Quality assurance at each step of the causal coding workflow#

29 May 2026

In the qualitative space, evaluators have many tools and approaches for reaching robust and rigorous conclusions about causal influences on an outcome of interest, perhaps as the operation of a mechanism. And evaluators are increasingly interested in causal pathways: multiple, multi-step, perhaps surprising paths along which influence is passed. How can we reach robust and rigorous conclusions specifically about influences along causal pathways? This briefing paper claims that causal mapping has a long tradition of this kind of thinking. In particular we point to some old and new features within our causal mapping app, Causal Map 4, which can help with this task.

This paper is the quality-assurance (QA) companion to the coding workflow. That paper sets out what you do at each step. This paper follows the same steps and asks, at each one, how to reach robust and rigorous conclusions. It is built on top of the workflow paper: where that paper describes a tool, we do not describe it again here, we discuss how to use it for QA.

Especially now that AI lets us scale a single project to tens or hundreds of thousands of causal claims, the gap between "we have many claims" and "we have warranted conclusions" matters more than ever. Practitioners need ways to cross the Rubicon from claim to judgement that are practical, transparent, and modest in their epistemic commitments.

Causal mapping, as we practise it, is not a method of causal inference. The fact that twenty people, or twenty thousand, claim that X influences Y does not on its own warrant the conclusion that X really does influence Y. One job of causal mapping is to assemble the claims so that an evaluator or researcher can make a judgement, not to make the judgement for them. It is a preparatory step which is useful for almost any evaluation approach but especially for theory-based approaches like contribution analysis.

The longer argument for this conservative stance is in our companion paper on minimalist coding and here; see also Powell et al. (2024); Powell et al. (2023).

The Causal Map app helps at several moments in the quality assurance task.

A note on "evidence"#

We have been criticised for calling the mass of causal claims "evidence": a claim is not really evidence until it has been weighed against something. But Thomas Schwandt disagreed, defining evidence as "information that has a bearing on determining the validity of a claim" — not as something which is already declared to be valid. We will go with Thomas.

Moving from coded claims to warranted conclusions is exactly the Rubicon this paper is about. When we use "evidence" loosely, we mean only the body of claims that the evaluator can take into account, not that it has already been judged to be of any particular quality.

We have always assumed that evaluators and researchers using causal mapping and Causal Map will be doing serious quality assurance when crossing the Rubicon from claims to conclusions, but this is the first time that we have tried to address this task in more detail and point out how the Causal Map app can help with quality assurance (QA).

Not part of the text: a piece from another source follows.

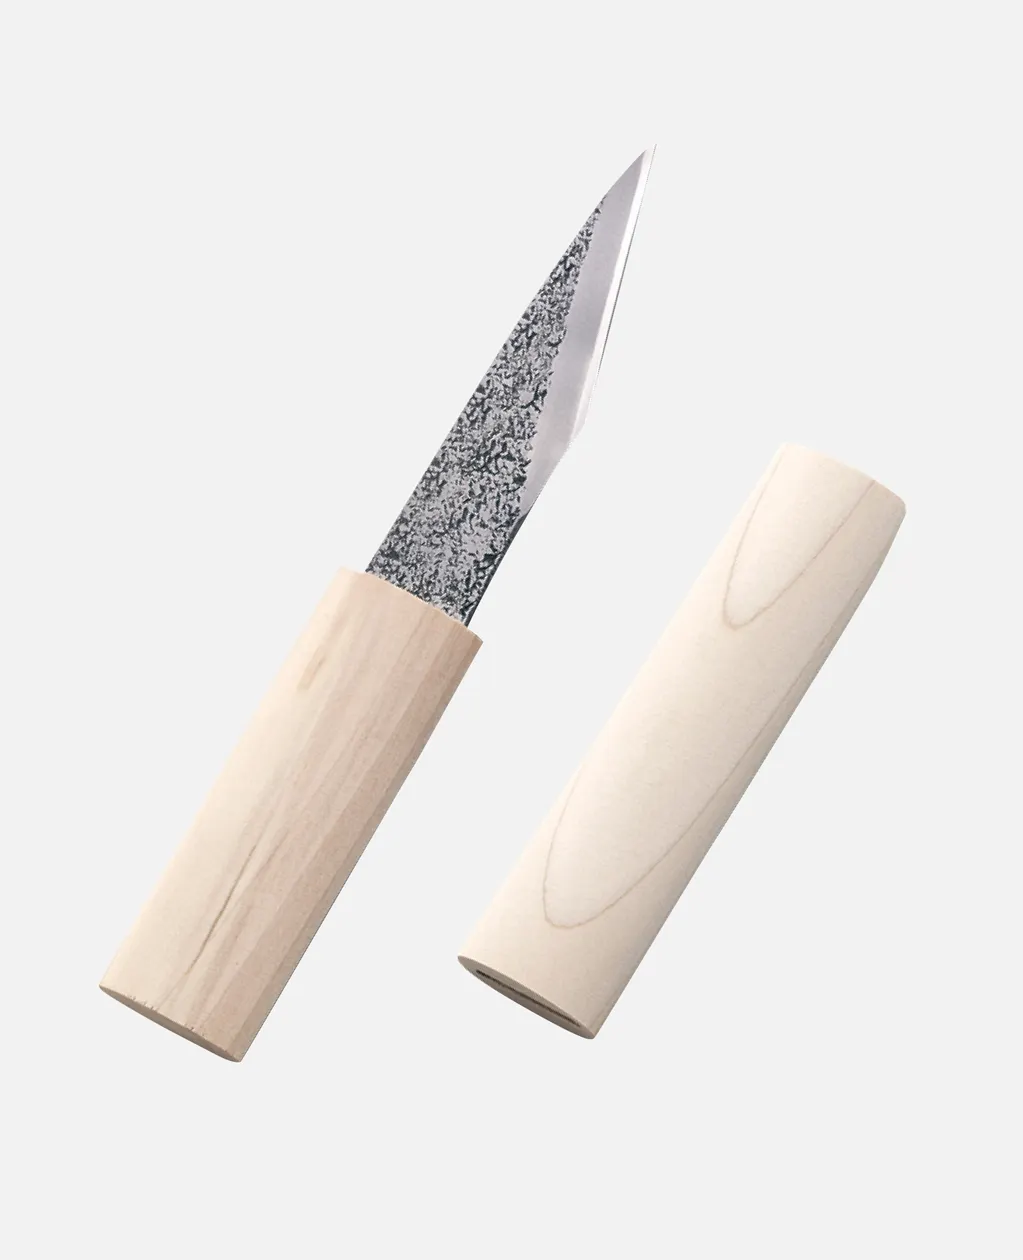 Yüksek kaliteli japon işçiliği bıçak japonya'da yapılan
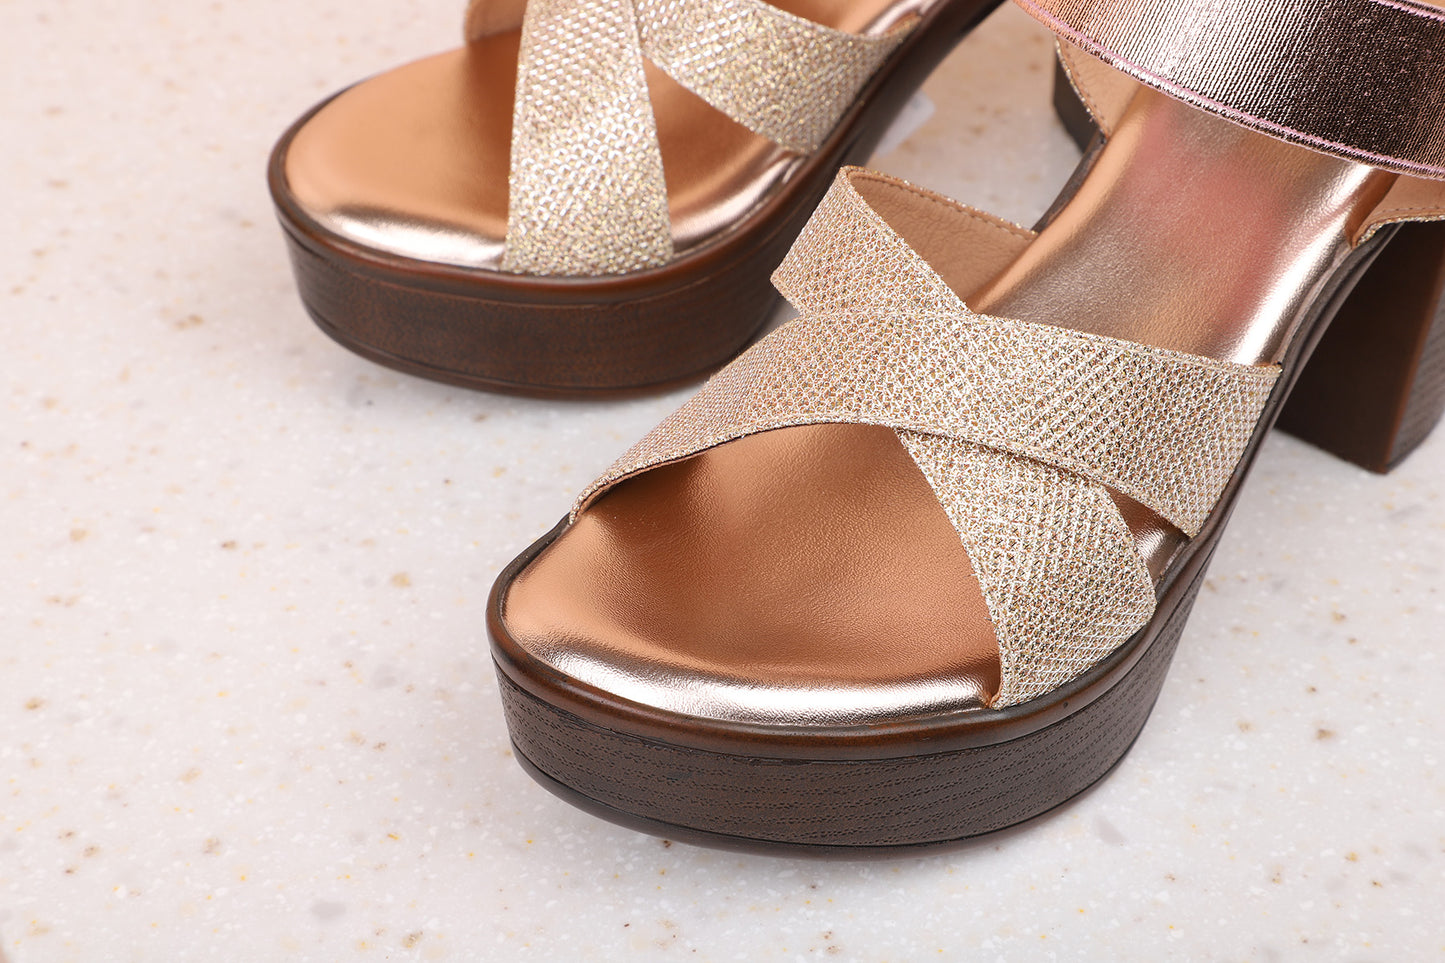 Women Rose Gold Embellished Platform Peep Toes Sandals

Sidebar: This is separate from the way causal inference is done specifically in the Qualitative Impact Protocol (QuIP) Copestake et al. (2019) — although QuIP projects often use causal mapping, they have a more specialised and specific set of supports for causal inference.

Solving problems by breaking them down into smaller pieces#

Evaluators have primarily addressed the problem of making judgements about causal influences a practical but synthetic problem of making judgements about a contribution to an outcome, a judgement which may in fact be about a single causal link or about a pathway or mechanism. So Outcome Harvesting for example often involves making holistic judgements about some kind of path or mechanism from intervention to outcome which is primarily presented as a single problem of "intervention influences outcome?", even though that "mechanism" may have multiple parts. (Of course, mechanisms are fractal.)

From a causal mapping perspective, it gives us a slight headache when evaluators talk about the robustness of evidence for the "causal link" or even "mechanism" from an intervention to an outcome. This holistic perspective, reducing a network of causal pathways to a single link is useful, in fact essential — it is the last of our steps, but it can gloss over a whole preceding nest of problems within the articulated causal pathways.

In this paper we break that holistic task down across the steps of the workflow.

Causal mapping provides a general, articulated framework to assemble (and then make judgements about) not only individual links (or a single bundle of links) but then about individual links combined into a pathway or network, beginning or ending with any kind of factor, not just outcomes/interventions.

This addresses the formal problem about how causal influences might or might not operate transitively down a causal pathway (if B influences C, and C influences D, does B influence D?).

But there is another formal (and practical) problem about how/if/whether our assessment of the quality of individual claims or bundles of claims can be assembled into an assessment of the quality of the evidence for a pathway: (if we have a validated claim that B influences C, and a validated claim that C influences D, when/how do we have a validated claim that B influence D?)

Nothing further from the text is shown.